The Nether is eight times smaller than a typical world in Minecraft. Therefore, it has the following area:

**7,500,000
x 7,500,000** **= **56,250,000,000,000 m^{2}

**Unlike the Overworld, though, the Nether has an overall of exactly half that of the base dimension. **Therefore, the Nether has an overall depth (underground + overground) of 128 blocks.

But, because most of the Nether, too, is devoid of actual blocks and is primarily space above a certain area, we can assume that the Nether has an average of **64 blocks per cubic meter**.

### The End

While the End is considerably large (almost the same size as the Overworld), for our particular estimation of how many Minecraft blocks there are in a world, the End doesn’t serve many purposes.

Why’s that? This is because **The End is primarily devoid of blocks**. Due to the entire dimension being quite sparse, it is extremely tough to estimate the number of actual blocks present in the dimension.

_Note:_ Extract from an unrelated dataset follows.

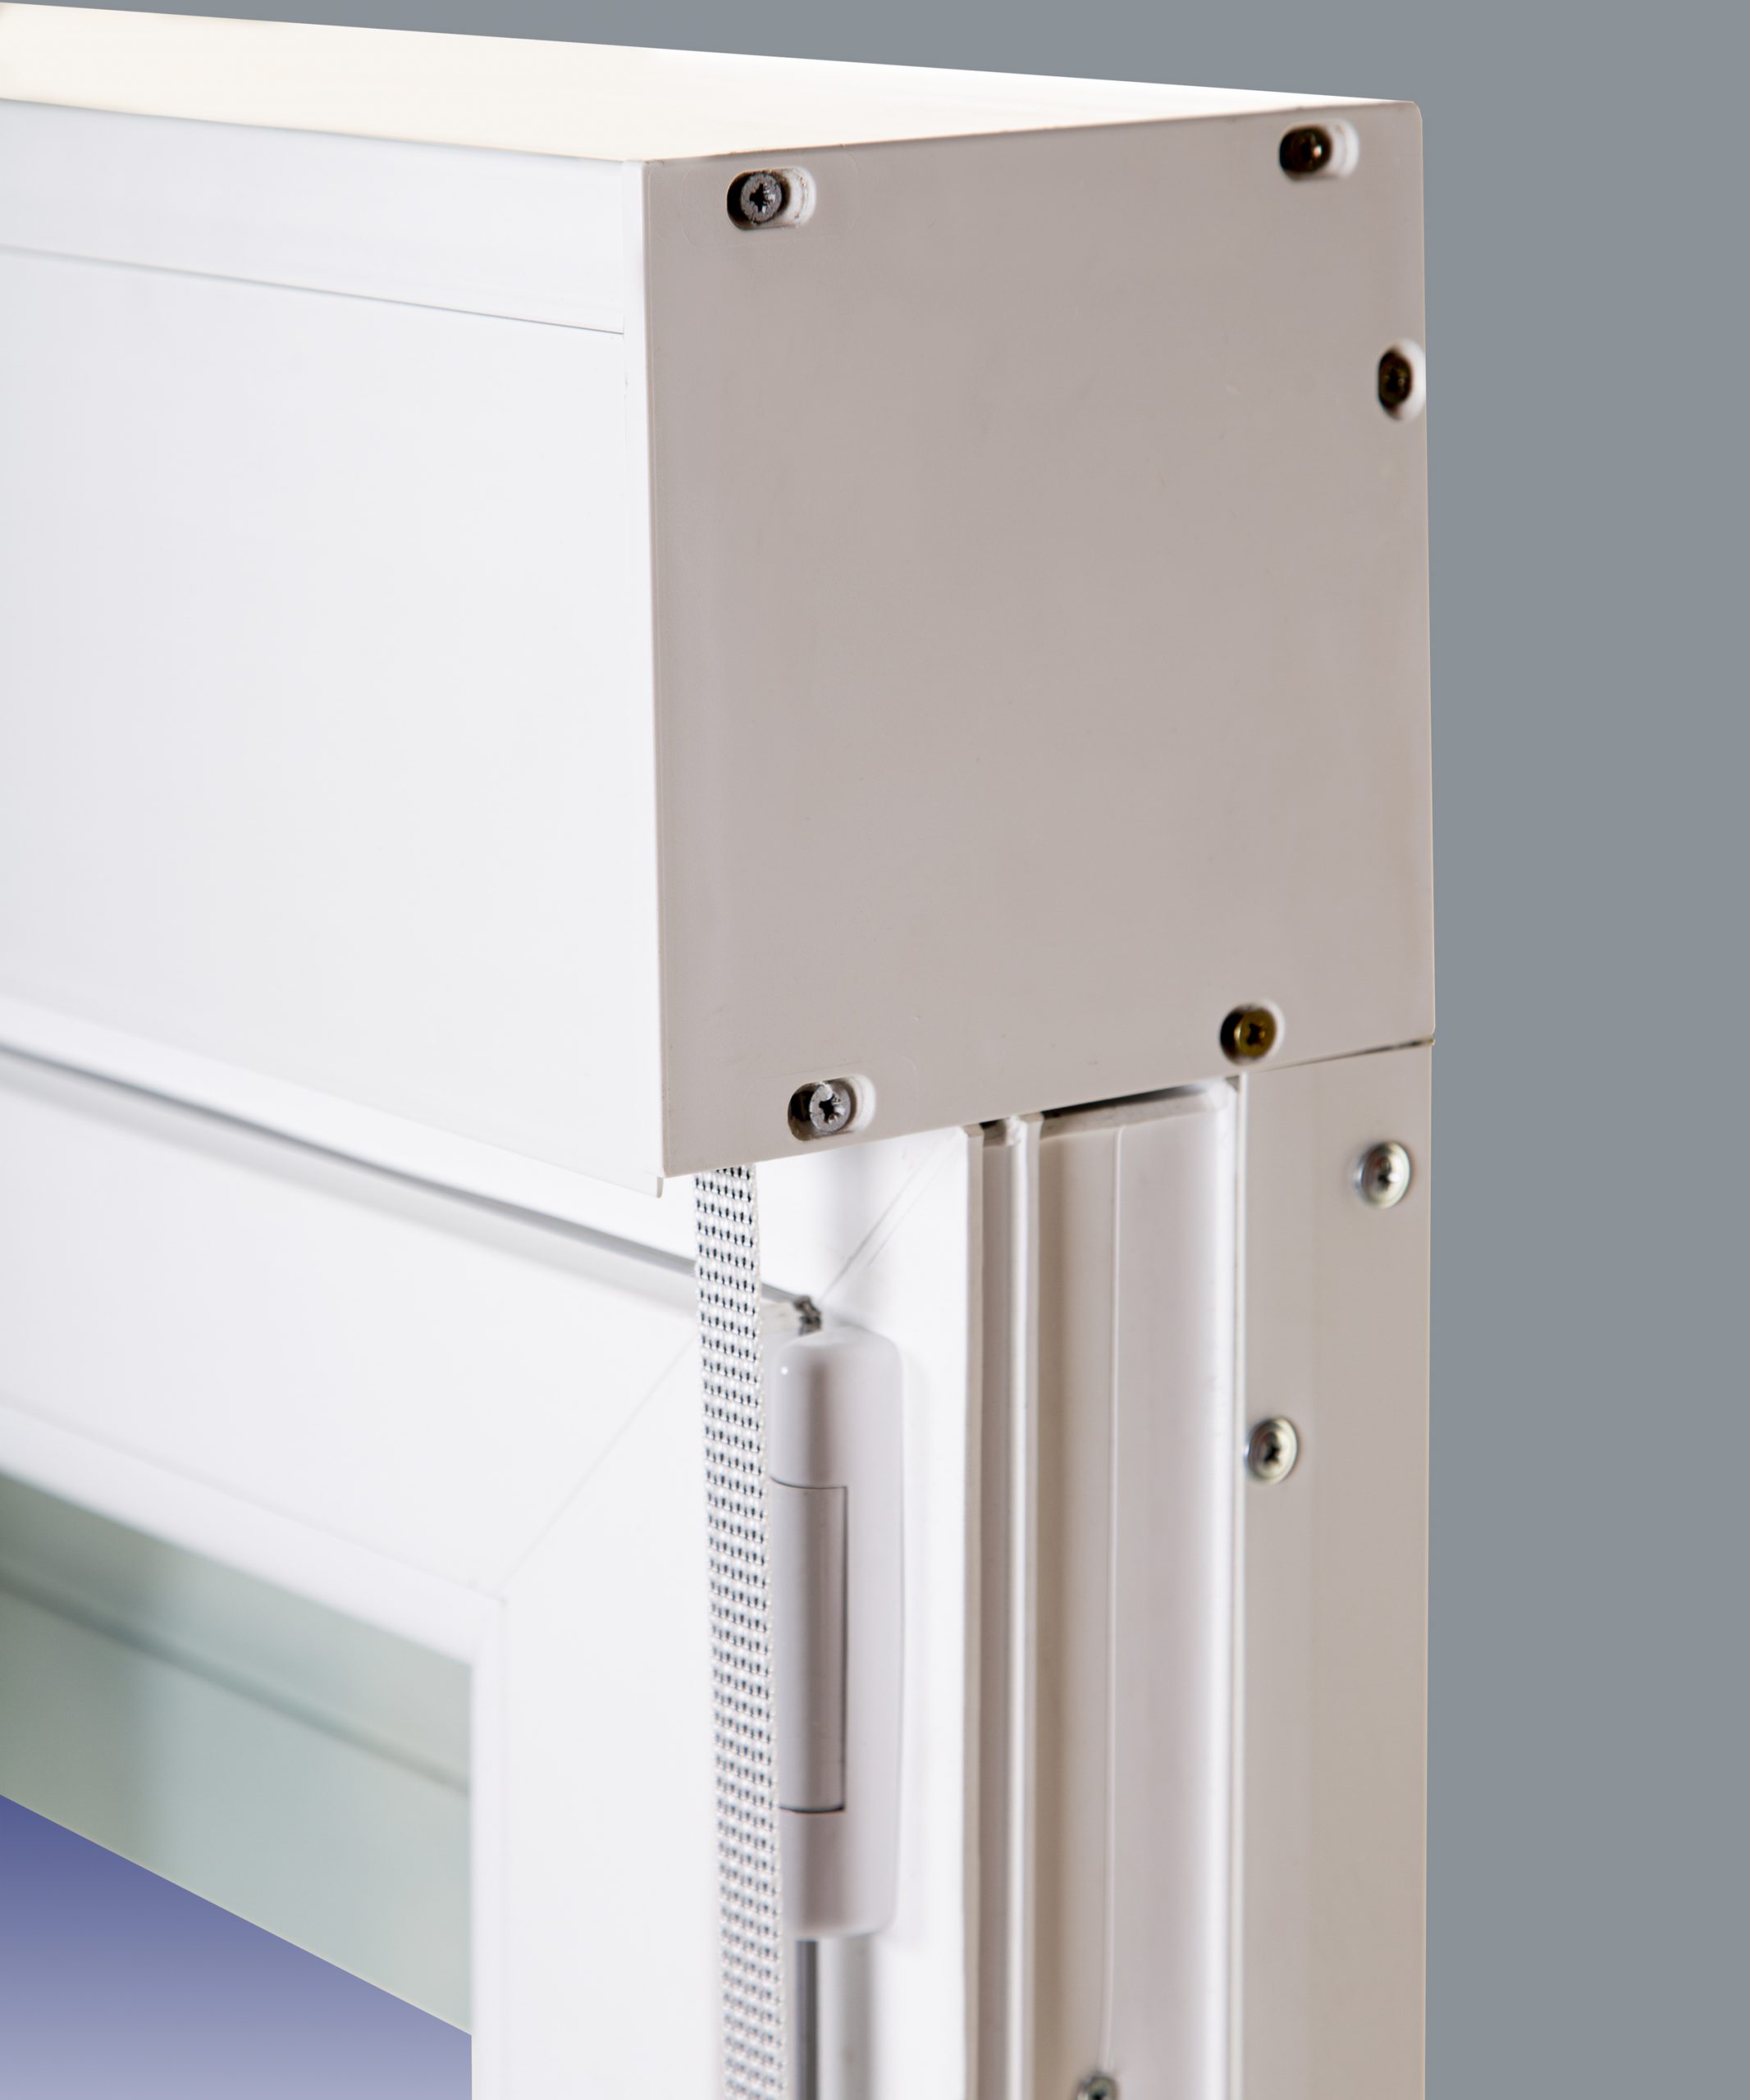 Balconera PVC Practicable Oscilobatiente Derecha con Persiana (PVC)  800X2185 1h (marco y cajón persiana en kit)

So, to account for this disparity, we’re going to go with the assumption that **the End dimension has about 1/100000000** **of the blocks as compared to the Overworld.**

## Crunching In The Numbers

Now that we’ve set everything up, it’s time to finally answer the question, how many blocks are there in a Minecraft world? Since we don’t want to bore you with all the math involved, we’ll try to keep things as simple as possible.

### The Overworld

Let’s start with the Overworld; it has an area **A **and an underground depth of **-64 **with an overground depth of **70 **blocks atoning for all the biomes. Therefore:

**Underground Depth + Overground Depth = Total Depth **
**64 + 70 = **134 blocks

**Total Blocks = Area * Depth**
134 * 366,000,000,000,000,000 = 49,044,000,000,000,000,000 blocks (4.9044e+19)

### The Nether

For the Nether, we use the same aforementioned formula. However, the area of the Nether is 8 times lesser than **A, **with an actual depth of about 64 blocks per cubic meter. Therefore:

**Total Blocks = Area * Depth**
64 * (366,000,000,000,000,000 / 8) = 3,600,000,000,000,000** **blocks (3.6e+15)

### The End

Since it is not possible to estimate the number of actual blocks there are in the End, we’re going to assume that the End has about 1/100000000 blocks as compared to the Overworld. So, we can derive the following result:

```
49,044,000,000,000,000,000 / 100000000 = 490,440,000,000 blocks
```

## Total Blocks In Minecraft

With all that mount of the way, we’re finally inching toward the actual answer. That can be derived by the following:

**Total Blocks In Overworld + Total Blocks In End + Total Blocks In End **
49,044,000,000,000,000,000 + 3,600,000,000,000,000 + 490,440,000,000 =
49,047,599,999,999,991,808 (4.90476e+19) blocks

So, we’ve finally reached our conclusion. **The total number of blocks in Minecraft is 49,047,599,999,999,991,808!** This can also be written down as 4.90476e+19 for simplicity’s sake.

### Some Pointers

Before you take this calculation as the Gospel, there are a few pointers you should be aware of:

- Each world in Minecraft has a different number of biomes. Therefore, your world might have a drastically different number of blocks.
- Minecraft keeps updating its World generation algorithm. For example, a change in the height limit can lead to a major difference in the number of blocks in your world.

That concludes our estimation of the number of blocks there are in Minecraft! We’ll be updating this post if changes are made to the world generation algorithm, which severely impacts our calculations!